However zr doesn’t embed an io.Reader, it is an io.Reader, so the unused zr.Reader field could be eliminated, giving zr a width of zero. In my testing this modified type can be created directly where it is used without performance regression.

        csprng := cipher.StreamReader{
                R: zr{},
                S: cipher.NewCTR(block, []byte(aesIV)),
        }

Perhaps some of the caching decision could be revisited as the inlining and escape analysis options available to the compiler have improved significantly since the standard library was first written.

Tables

The last major use of  common use of private package scoped variables is for tables, as seen in the unicode, crypto/*, and math packages. These tables either encode constant data in the form of arrays of integer types, or less commonly simple structs and maps.

Replacing package scoped variables with constants would require a language change along the lines of #20443. So, fundamentally, providing there is no way to modify those tables at run time, they are probably a reasonable exception to this proposal.

A bridge too far

Even though this post was just a thought experiment, it’s clear that forbidding all package scoped variables is too draconian to be workable as a language precept. Addressing the bespoke uses of private var usage may prove impractical from a performance standpoint, would be akin to pinning a “kick me” sign to ones back and inviting all the Go haters to take a free swing.

However, I believe there are a few concrete recommendations that can be drawn from this exercise, without going to the extreme of changing the language spec.

  • Firstly, public var declarations should be eschewed. This is not a controversial conclusion and not one that is unique to Go. The singleton pattern is discouraged, and an unadorned public variable that can be changed at any time by any party that knows its name should be a design, and concurrency, red flag.
  • Secondly, where public package var declarations are used, the type of those variables should be carefully constructed to expose as little surface area as possible. It should not be the default to take a type expected to be used on a per instance basis, and assign it to a package scoped variable.

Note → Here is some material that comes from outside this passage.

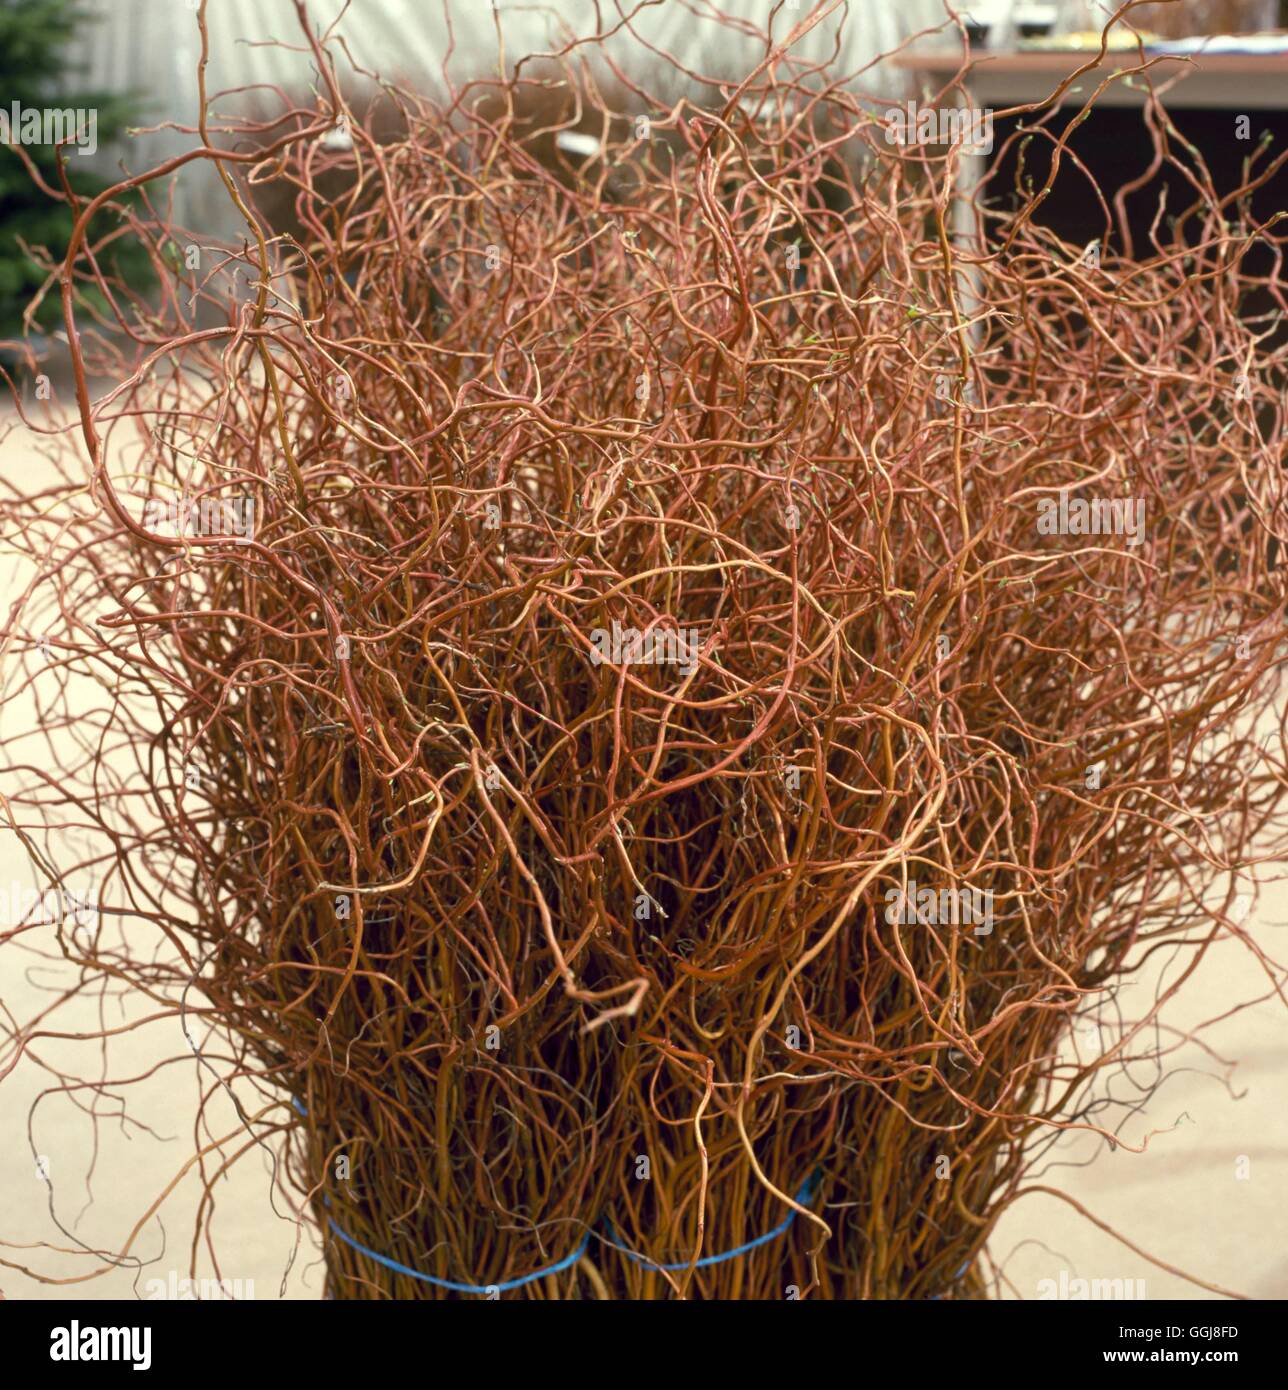 Flower Arrangements/Cut Flowers - Tortured Willow (Salix sp.) prepared for floristry use.'''''   FAR099006  Compuls' Stock Photo

Private variable declarations are more nuanced, but certain patterns can be observed:

  • Private variables with public setters, which I labelled registries, have the same effect on the overall program design as their public counterparts. Rather than registering dependencies globally, they should instead be passed in during declaration using a constructor function, compact literal, config structure, or option function.
  • Caches of []byte vars can often be expressed as consts at no performance cost.  Don’t forget the compiler is pretty good at avoiding string([]byte) conversions where they don’t escape the function call.
  • Private variables that hold tables, like the unicode package, are an unavoidable consequence of the lack of a constant array type. As long as they are unexported, and do not expose any way to mutate them, they can be considered effectively constant for the purpose of this discussion.

The bottom line; think long and hard about adding package scoped variables that are mutated during the operation of your program. It may be a sign that you’ve introduced magic global state.